Elfiq Networks has signed on with Tech Data Canada, giving the Montreal-based load-balancing appliance company a distribution partnership in Canada.
In business since 2003 and really booming since 2008, Elfiq’s appliances allow businesses to share multiple Internet connections from multiple ISPs. It offers products for the SMB through to the enterprise
For Jean Pascal Hebert, vice president of business development at Elfiq, there’s a very powerful motivator for signing up with distribution – awareness.
“About 70 per cent of our potential audience, both end user and VAR, have no idea that this product category exists,” Hebert said of Elfiq’s wares. “We’re bringing to the Canadian channel a mission-critical solution for their customers, a basic requirement for companies of 100 people and up.”
Greg Myers, vice president of marketing at Tech Data Canada, said Elfiq’s product line is a natural extension of the distributor’s existing data centre and networking plays, and that Elfiq was brought on board at least in part because of demand from resellers “for us to represent more networking technologies.”
Myers echoed Hebert’s comments on the importance of the Elfiq solution.
“How many times a day do resellers, do distributors, do vendors turn to the search engine to find some information?” he said, suggesting the crucial nature of the Internet for business today.
Although it’s Canadian born and raised, Hebert describes penetration of Elfiq in this country as “very low.” Part of that is because the company found “immediate success” south of the border, and went after the demand there.
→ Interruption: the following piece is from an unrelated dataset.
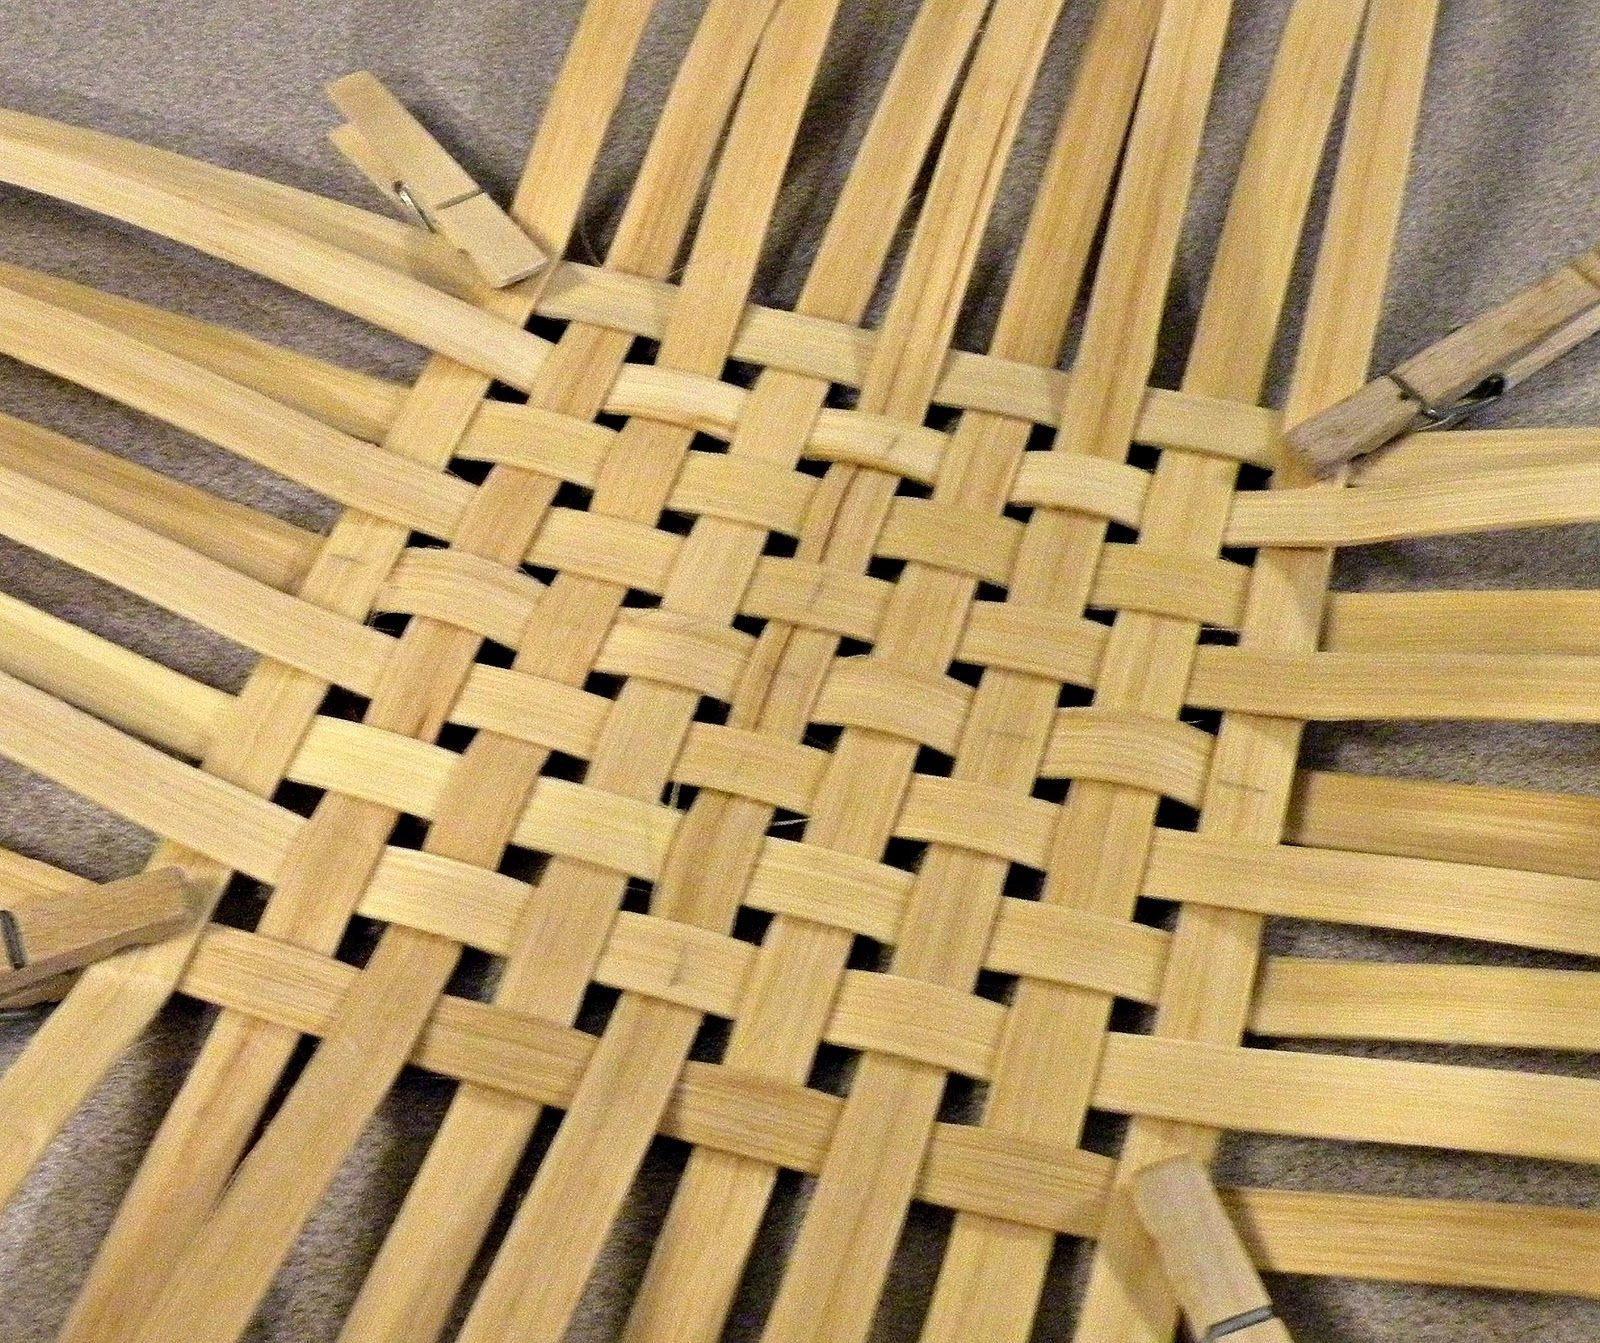 Уроки плетения из ротанга для начинающих обучение. Плетение корзин из ротанга. Ротанг для плетения. Ротанг для плетения корзин. Плетеная корзина из бамбука.
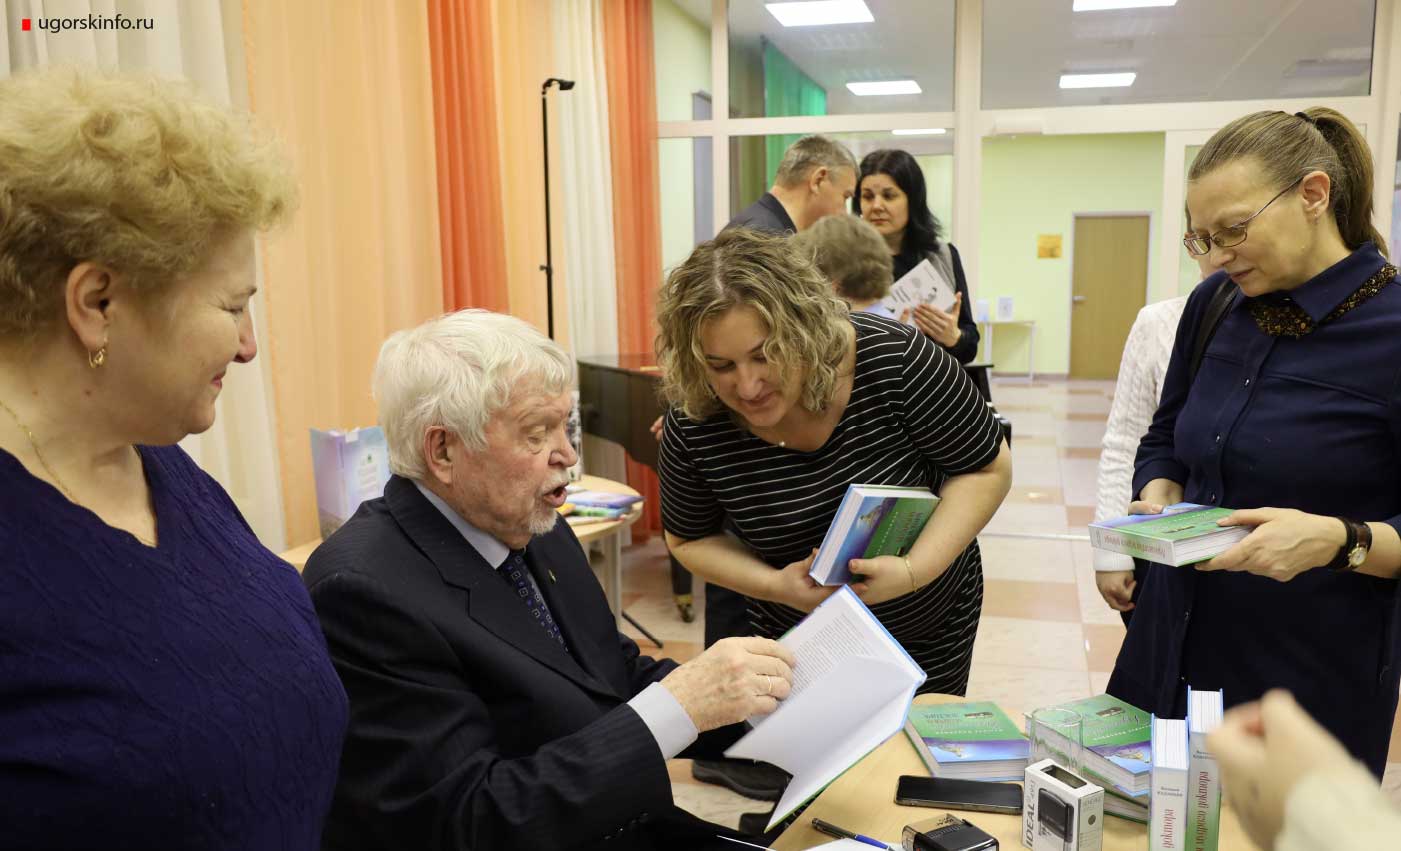 В библиотечном центре презентовали книги Валерия Каданцева.

Part of that is thanks to international lead gathering through Google. But now, he says, Elfiq wants to invest in building up its channel in its home country, starting with the Tech Data relationship.
Myers said Tech Data is planning “a number of marketing initiatives” around Elfiq to target a broad base of its resellers. A first wave of awareness-building will be followed up by creating sales opportunities that will match Elfiq telesales reps with the partners’ own sales staff. It’s an opportunity that Hebert said his company relishes.
“We love those three-way engagements. They allow us to answer the questions of the customer, cut through misconceptions and really accelerate the deal,” he said.
Doing joint calls on customers can be concerning to a solution provider, particularly when working with an unfamiliar vendor. But Hebert said Elfiq’s processes are designed to make it much harder for a sales rep to take a deal direct than to field it through the channel. In fact, going direct requires specific permission from management.
“There’s only one way we’re going to win, and that’s through the channel,” Hebert said. “That’s where our growth comes from.”
The vendor’s channel program is a two-tiered structure, with a broad base level that includes no revenue commitments, sales and marketing tools and support, access to NFR products. There’s also an Elite tier, an invitation-only package for the company’s most strategic partners. With that structure, the company hopes to build a broad base of partners who are selling it’s products – “Any reseller can take our product and run and do some business with it,” Hebert said – while still building a loyal “inner-circle” of its top solution providers.
The top tier is decided by the history of the partner with Elfiq as well as the business model of the partner. “We want to protect organizations that are services-driven,” Hebert said.
Services are key because just about any product sold “should automatically be getting a professional services engagement” for configuration, architecture, additional networking gear and other network-centric services.
“If a VAR has a strong networking/telecom practice, the rampup is really quick,” Hebert said of onboarding partners.